Most likely they were introduced during sample preparation, or (in case you used gels) during staining or cutting. Dust in the lab is the most likely source, so make sure you work in a clean area. In the User Guide we have some suggestions how to minimise contamination.
You could not identify a single protein in my gel band. Why?
Right, that’s embarrassing – or maybe not. Actually, there may be several reasons why this might occur. The most likely reason is that the amount of starting material was simply not enough. Other reasons might be that the protein does not contain (a sufficient number of) cleavage sites for trypsin, our work-horse protease. As a result, no peptides will be generated (and detected). This may be the case for some small proteins, but this may also occur to ‘exotic’ (e.g. highly acidic) proteins that contain fewer lysines and arginines than the average protein. The reverse might also be true: if a protein contains multiple cleavage sites, it will be digested into peptides that are too small to be detected, or to be sequenced with high confidence (e.g. histone tails). The alternative might be in the selection of another protease, which may viable if you know the protein you are working with. Another reason for not finding a protein may be that it is not present in the database. This is not unusual for proteins originating from poorly characterized organisms.

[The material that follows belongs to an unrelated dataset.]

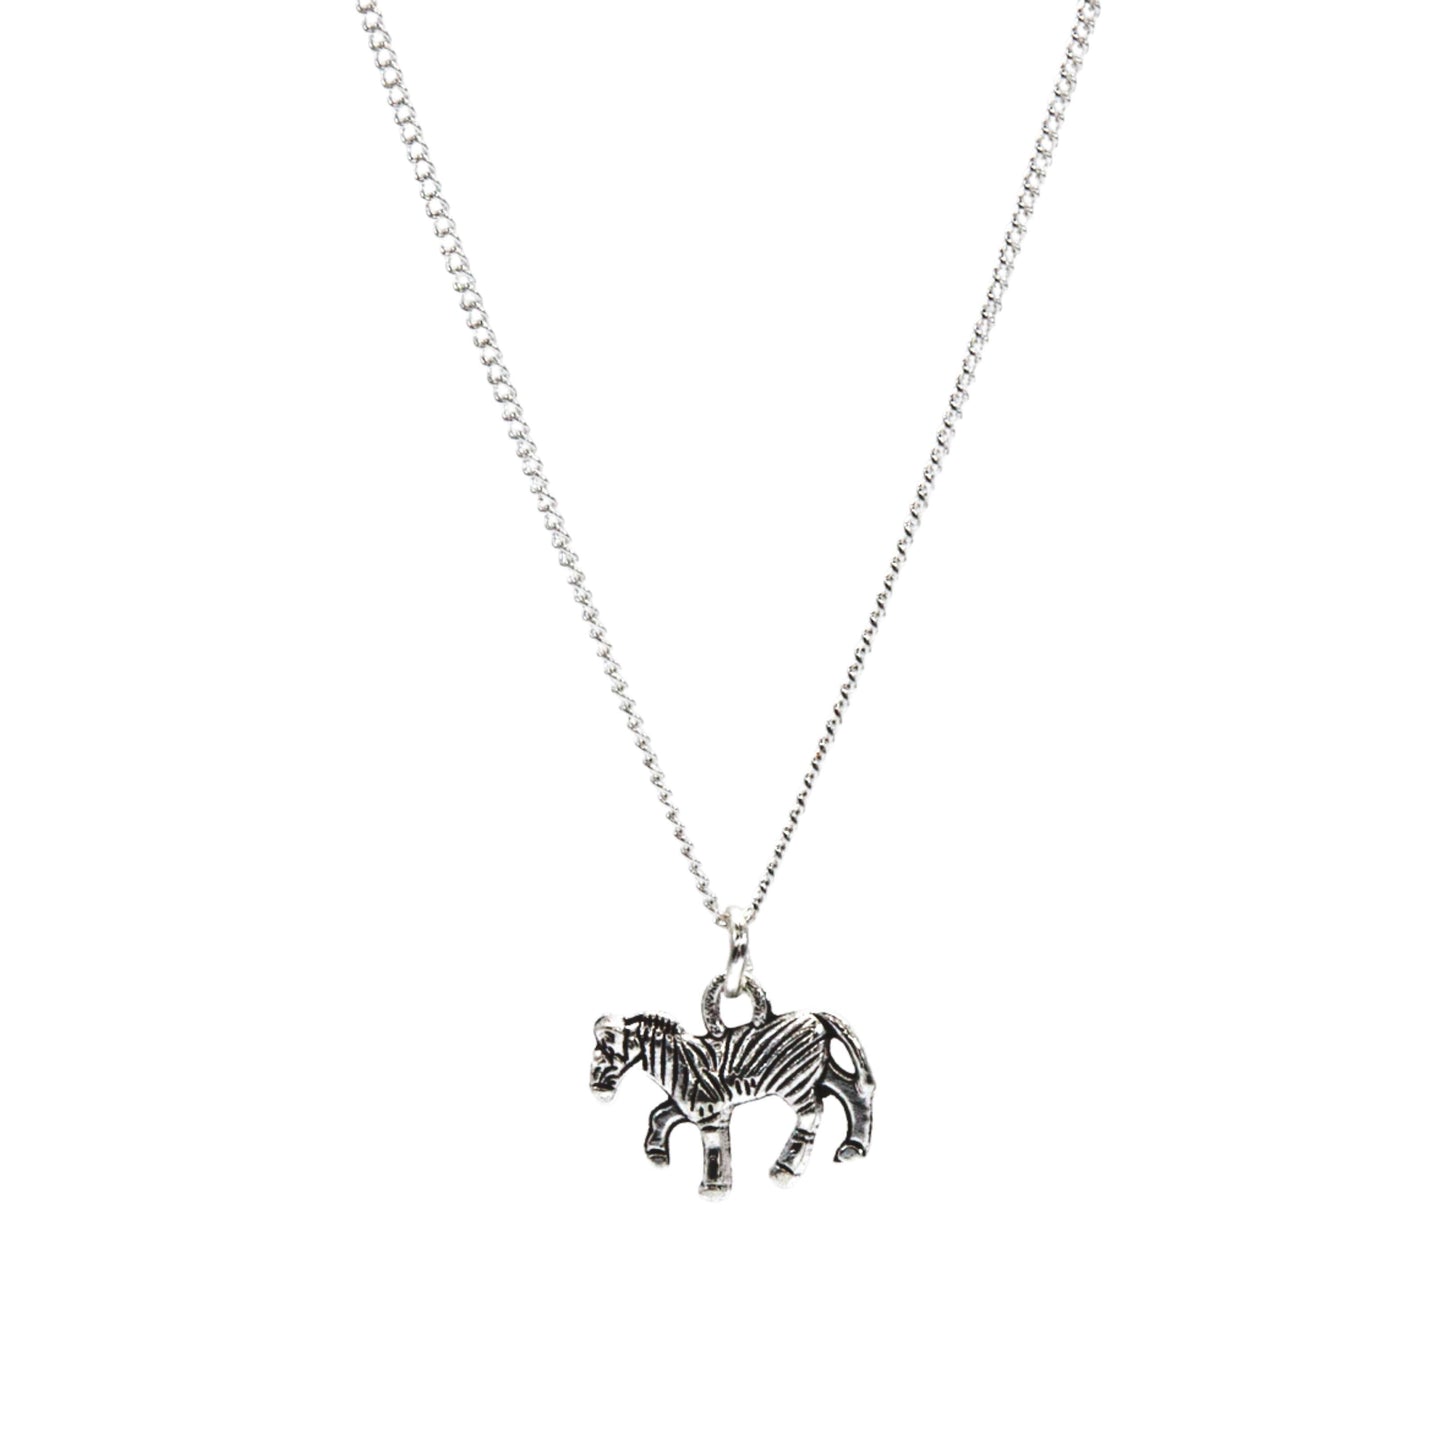 Silver Zebra Necklace - Adjustable Length

I read a cool paper about SILAC - do you do this kind of quantitative proteomics?
Yes, we also read these papers. Unfortunately, we don’t offer quantitative analysis yet, but we are working on this….
Can you analyse non-covalent protein interactions?
We can do this in exceptional cases only, mostly depending on sample preparation on your side (sorry…). Seriously, analysis of proteins (and complexes) under native conditions is restricted to samples devoid of salts and detergents. Salt cannot be tolerated because in the electrospray process it takes up charges much more easily than proteins, thus suppressing the protein signal. Volatile buffers like ammonium acetate work best, but not many proteins are stable under these conditions. If you read papers on native MS, realize that the authors often spend an awful lot of time in getting their protein pure, in a high concentration, and in a MS-compatible buffer.
What is the level of detail you can report for large-scale MS results?
For most users, an Excel-list of identified proteins is usually sufficient, with an accession number to an appropriate database (e.g. Uniprot). However, we can provide much more than that, including sequences of identified peptides, peptide scores, sequence coverage, position of the peptide in the protein, annotated spectra for all peptides, etc. The latter may be required by some journals if you report identification of PTMs.